Se à primeira vista cada um dos planetas visitados por Cal e a tripulação da Mantis parece pequeno, não é necessário muito tempo para descobrir que eles são surpreendentemente maiores conforme nós nos dedicamos à exploração (eu me perdi tanto no complexo imperial em Kashyyyk quanto nas cavernas de gelo de Zeffo, um sistema de viagem rápida faz falta em alguns momentos...) de enormes seções ocultas por atalhos ou passagens.
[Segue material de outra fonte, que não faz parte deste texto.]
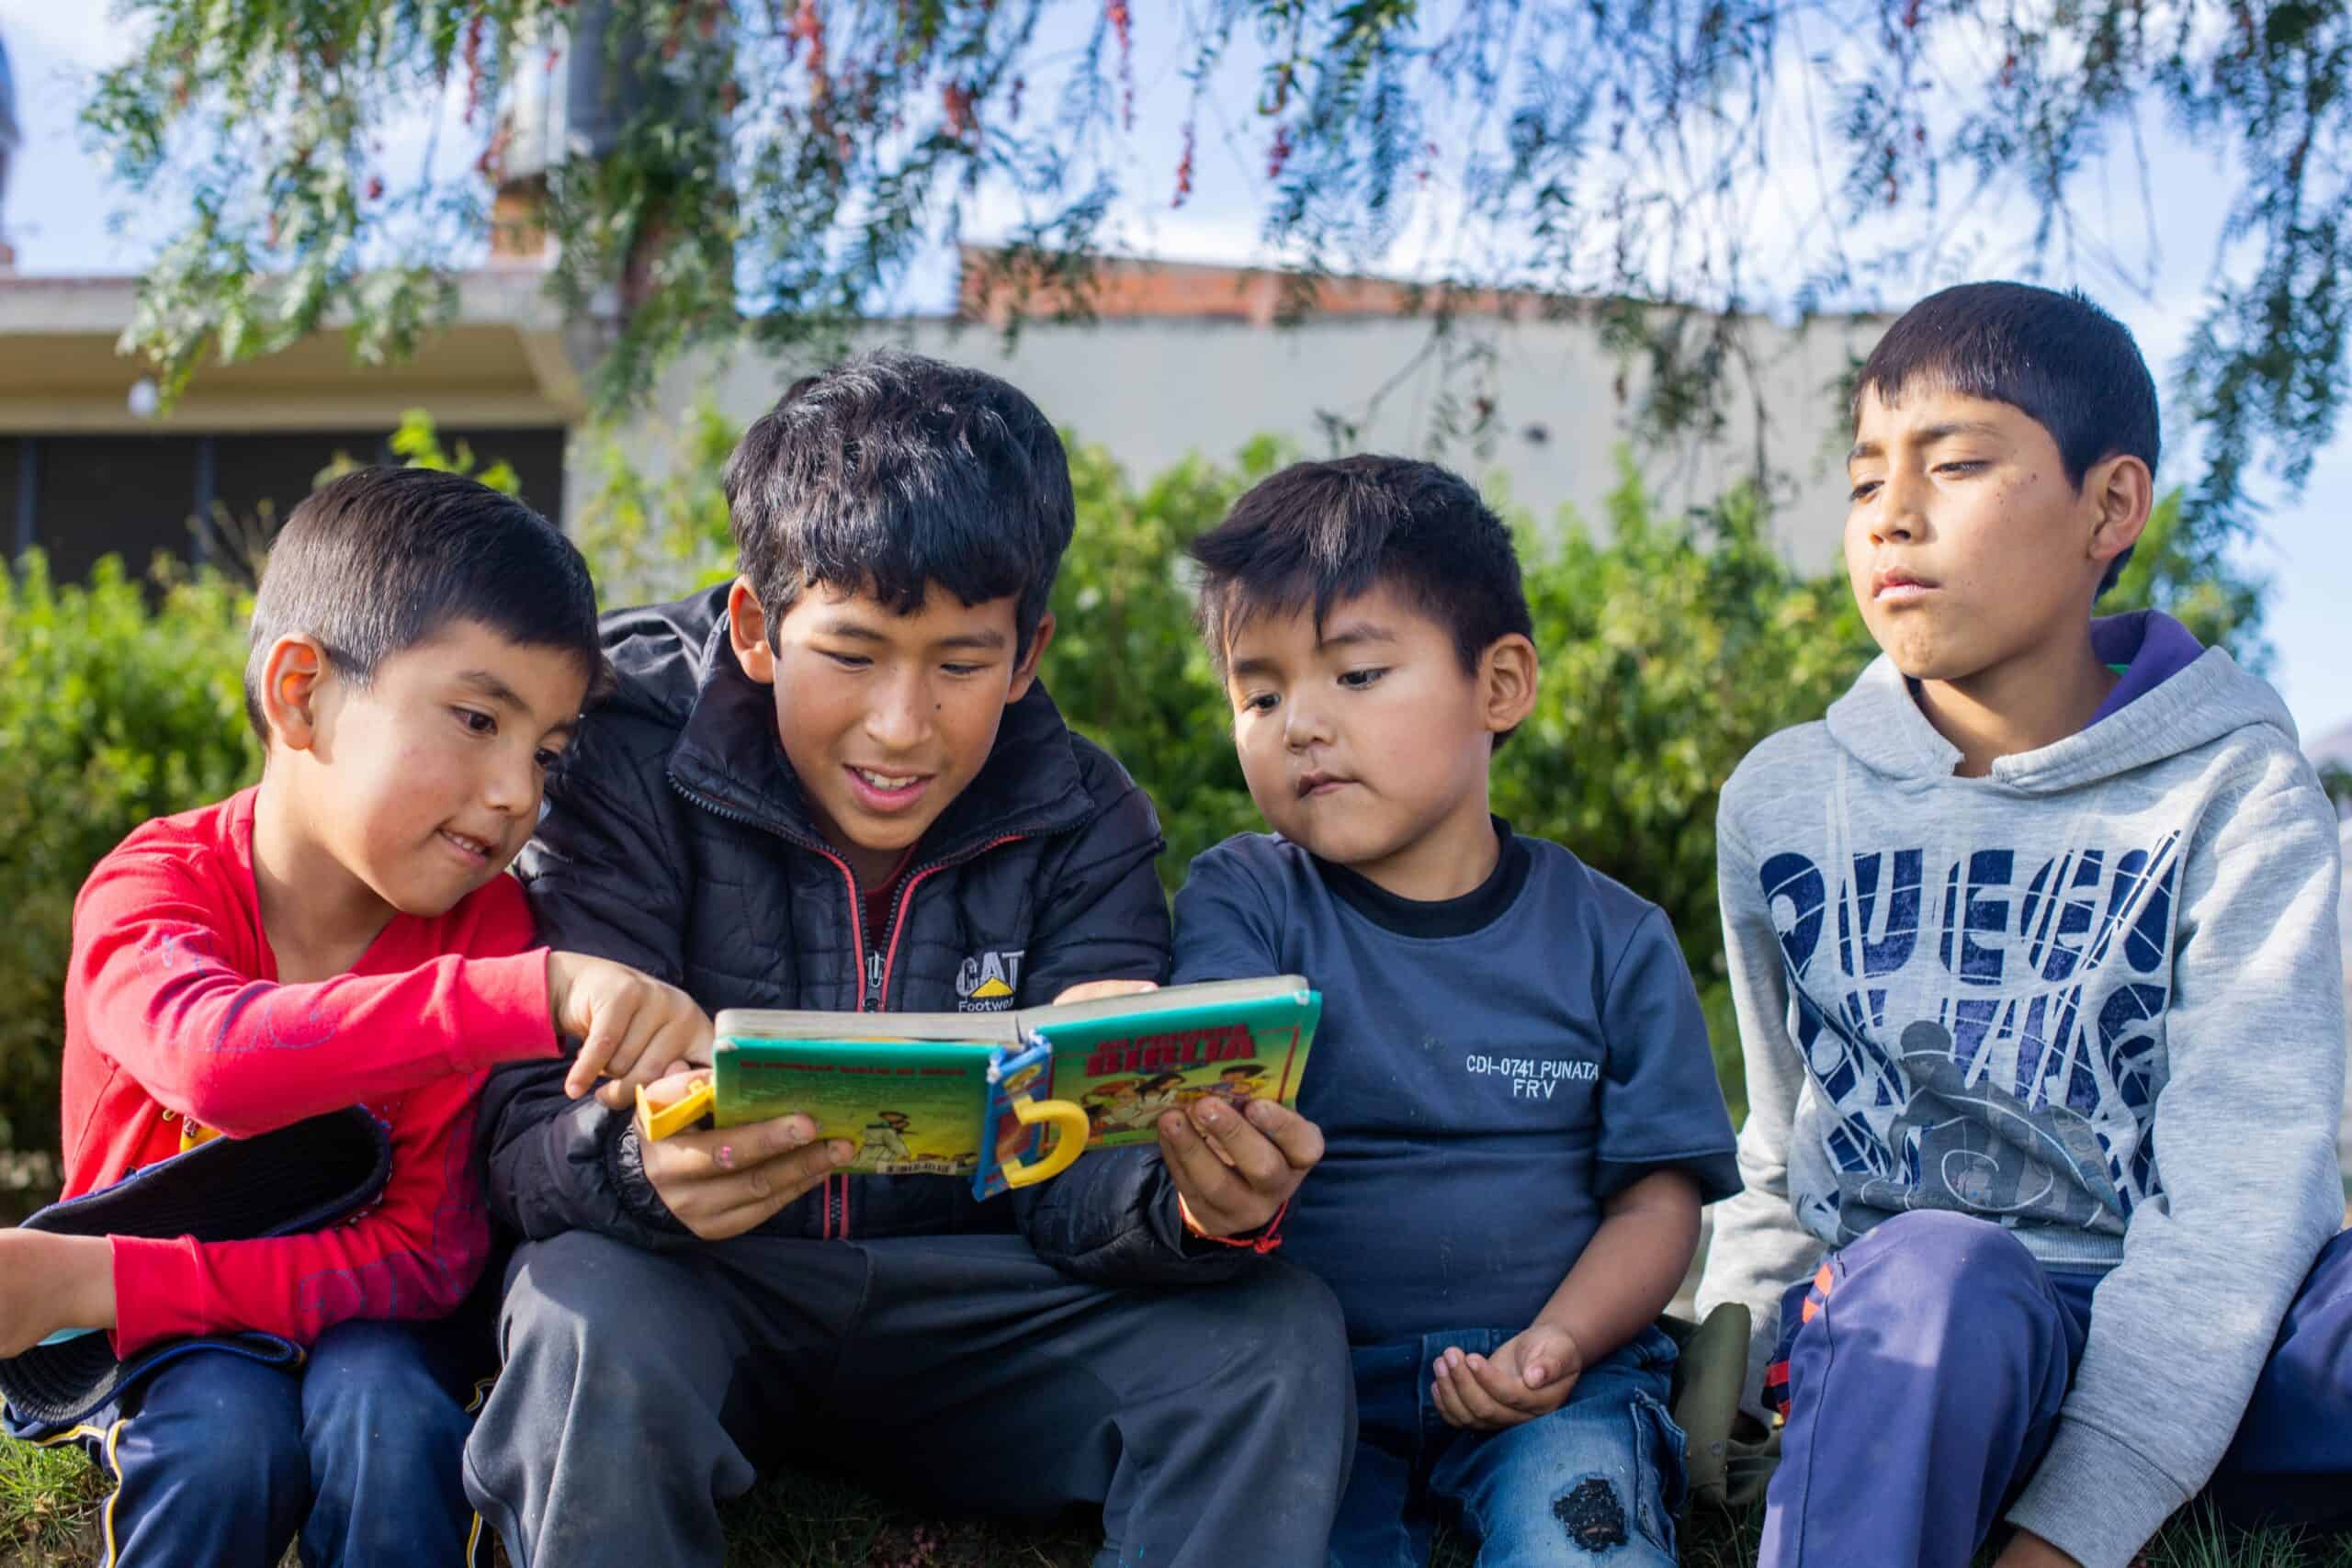 A group of four young boys sit outside and read the Bible together
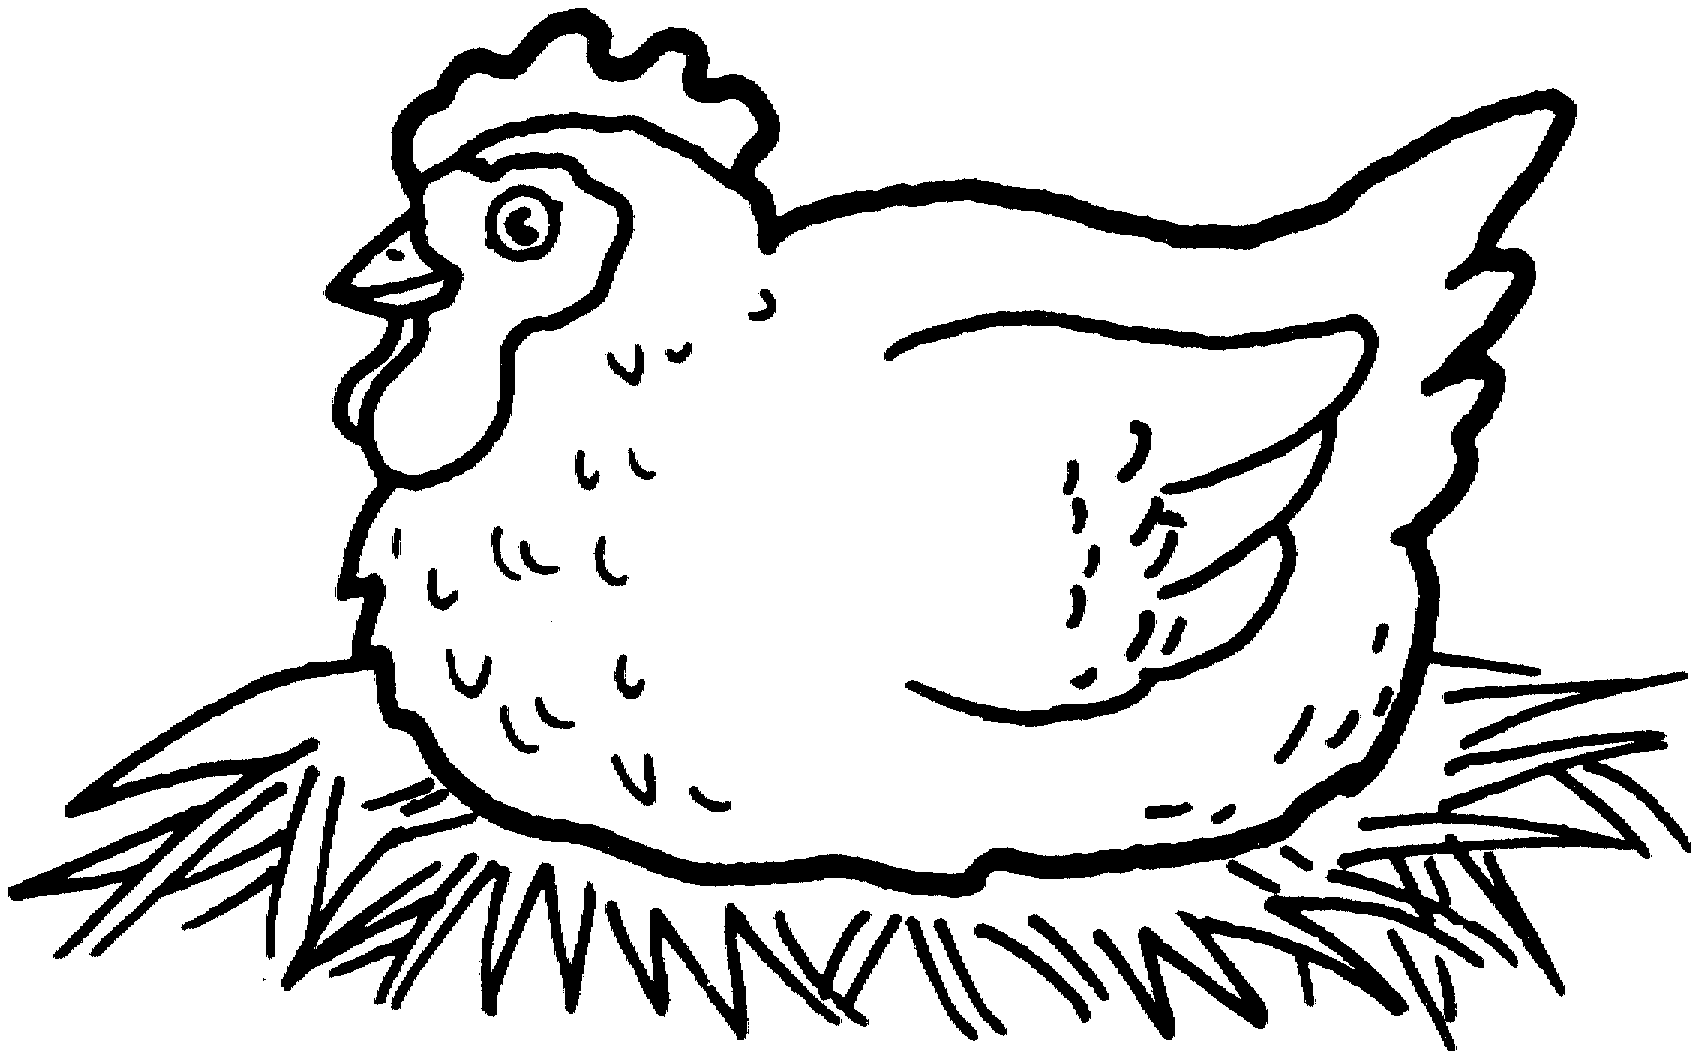 Chicken Coop Clipart Black And White wallpapers - High quality ...

A engenharia das fases é particularmente esperta, garantindo que o jogador de imediato saiba que, em um momento inicial, Cal não tem como acessar esse ou aquele lugar, poupando tempo.
Alguns desses cenários mudam dramaticamente de uma área para a outra, como as regiões sombrias sob as raízes da árvore sagrada de Kashyyyk, ou as criptas repletas de puzzles que, vez ou outra, fazem o jogador quebrar a cabeça para entender como fazer um mecanismo funcionar andando por cenários que contrastam de maneira flagrante com o que estamos habituados a esperar das ambientações da saga espacial, algo que se reflete no tipo de quebra-cabeças que surgem nas tumbas dos antigos Zeffo (imagine Nathan Drake usando a Força para congelar objetos em movimento por tempo suficiente para acessar uma área distante da sala, ou para empurrar uma enorme esfera metálica pelo cenário até uma caçapa magnética).
A exploração é a razão de ser desses enormes mapas, e tanto os baús (cheios de itens cosméticos) quanto os ecos da Força (sensações e memórias gravadas em certos itens que Cal é capaz de captar e que enriquecem a história do game) estão espalhados por toda a parte. Isso dá ao jogador razões de sobra para vasculhar cada canto escuro do mapa, frequentemente retornando a planetas já explorados para catar um novo traje, um novo poncho, ou aquela peça que falta para que o sabre de luz de Cal fique exatamente do jeito que nós queremos (há ainda pinturas novas para a Mantis e para BD-1). Além de personalizações e desses pequenos recortes que contam mais sobre o local explorado, eventualmente podemos encontrar até mesmo itens que afetam o gameplay na prática, como cartuchos de cura (BD-1 pode carregar até 10 deles, mas encontrar os dez demanda horas de exploração pelos mapas do jogo), ou um terço de um aumento permanente em sua barra de energia ou de Força.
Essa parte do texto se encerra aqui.